2.2.1. Simulation of the penicillin production bioprocess in batch reactor under optimized non-isothermal conditions

The proposed algorithm was implemented in FORTRAN programming language, and the profiles of the state variables (y₁, y₂, and θ) are presented in Figures 3–5. These profiles are in strict agreement with those reported by Constantinides and Mostoufi [17] when they used the orthogonal collocation method to solve this problem. The value determined for λ₁ at τ= 0 was λ₁(0) = 3.61210035.

The cell concentration profile shown in Figure 3 depicts the main phases involved in a typical microbial growth curve, i.e., the exponential, stationary, and decline phases. The decline phase is attributed to the negative effects of low temperatures on cell growth. In Figure 4, concerning the penicillin production dynamics, an initial short lag phase can be observed, followed by a transition phase in which penicillin production is initiated, until a final linear production phase is achieved.

According to the presented formulation (bioprocess model and Pontryagin’s maximum principle), the optimum temperature profile varies between 20 and 30°C following the curve (a) shown in Figure 5. This profile suggests a variable operating temperature during the growth and penicillin production phases, contradicting the standard industrial operating procedure of maintaining a constant temperature throughout the bioprocess. Particularly during the penicillin production phase, the profile prescribes a decrease in the operating temperature so that a high concentration of antibiotic is reached at the end of the bioprocess. The temperature profile (a) shown in Figure 5 may bring some practical difficulty to its programming/execution. In this context, an approximate profile derived from the exact profile, such as that represented by the curve (b) in Figure 5, may make the temperature programming strategy more feasible. This proposal is in agreement with that reported by Bailey and Ollis [22], i.e., the temperature schedule predicted by these calculations can be closely approximated in industrial practice with little added cost. The approximate profile was built from the following equations, which were based on the analysis of the temperature data generated by the exact profile:

• 0.0≤τ≤0.4: θ(°C)=θ(τ=0.0)+(θ(τ=0.4)−θ(τ=0.0)0.4−0.0)(τ−0.0)⇒θ=29.65−11.625τ

• 0.4<τ<0.9: θ(°C)=25.0

• 0.9≤τ≤1.0: θ(°C)=θ(τ=0.9)+(θ(τ=1.0)−θ(τ=0.9)1.0−0.9)(τ−0.9)⇒θ=25.0−50(τ−0.9)

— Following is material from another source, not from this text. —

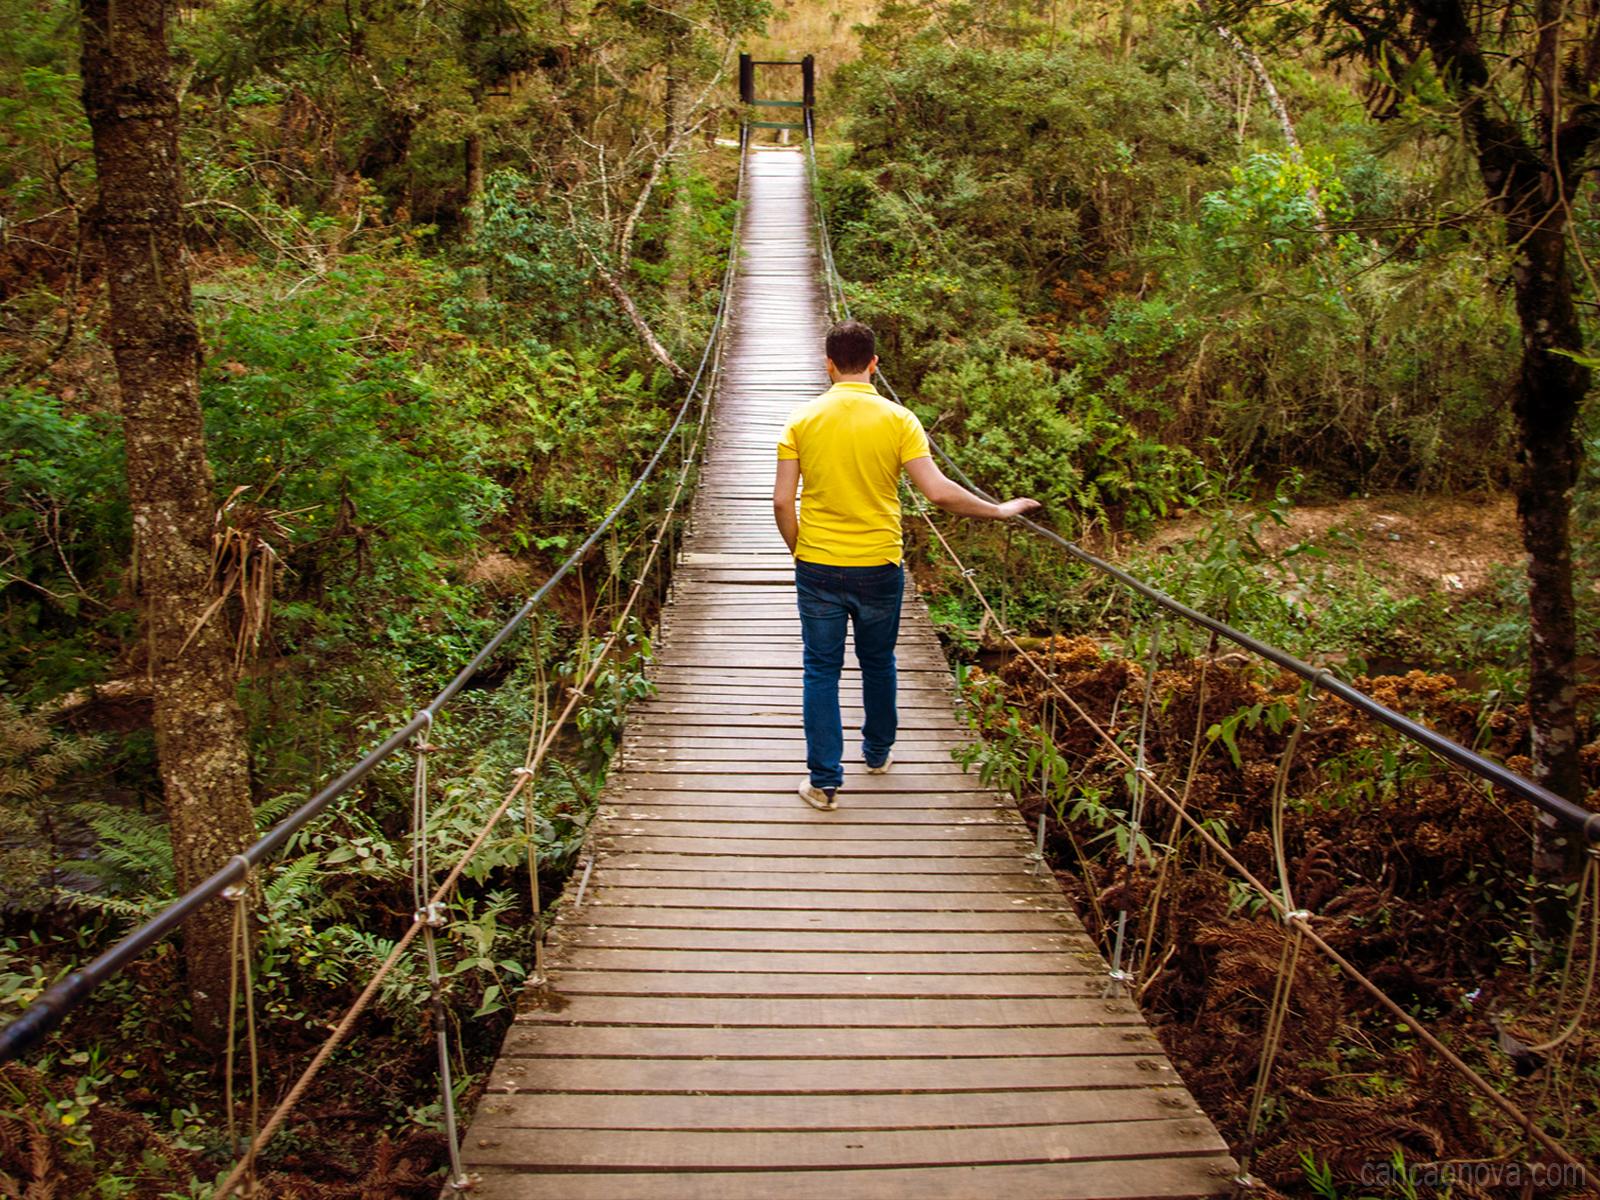 Seis dicas para uma mudança de vida com fé e coragem

2.2.2. Simulation of the penicillin production bioprocess in batch reactor under non-optimized isothermal conditions

A pertinent simulation to be performed is one under isothermal conditions to verify whether this thermal operation mode is, in fact, less productive in penicillin than non-isothermal mode following an optimal temperature profile. For this purpose, simulations were performed for constant temperatures of 20, 25, and 30°C and the results were compared with those obtained with the optimized temperature profile (Figure 6). Figure 6(a) illustrates the well-known fact that high temperatures (30°C) favor the growth of the fungus, while low temperatures (20°C) favor the synthesis of the antibiotic since relative to the amount of penicillin produced, more and less biomass was accumulated at these respective temperature levels [22]. It is observed in Figure 6(b) that the isothermal operation at an intermediate temperature to those investigated (θ= 25°C) presents a performance very similar to the operation with optimized temperature profile, becoming a viable alternative if the variable temperature strategy cannot be implemented, although with lower productivity, according to the data presented in Table 3. Despite the fact that operation at a fixed temperature between 24 and 25°C predominates in current industrial practice, the benefits of temperature programming during batch antibiotic fermentations are clear.

t(h)	X(g/L)	S(g/L)	P(g/L)	Q(X)
28.742	30.09	4.16×10-3	1.39×10-2	125799.24
28.743	30.09	3.06 ×10-3	1.40×10-2	−86336.84

Table 2.

Data of the numerical integration of the mass-balance equations used to determine the first switching time (t₁) during the penicillin production in fed-batch reactor.

θ(°C)	y1 (τ=1)	y2 (τ=1)	(y2/y1)τ=1
θopt	0.82	1.22	1.49
20	0.53	0.65	1.23
25	0.94	1.18	1.25
30	1.07	0.80	0.75

Table 3.

Final values of the dimensionless concentration of cells (y₁) and product (y₂) in isothermal and non-isothermal penicillin fermentations.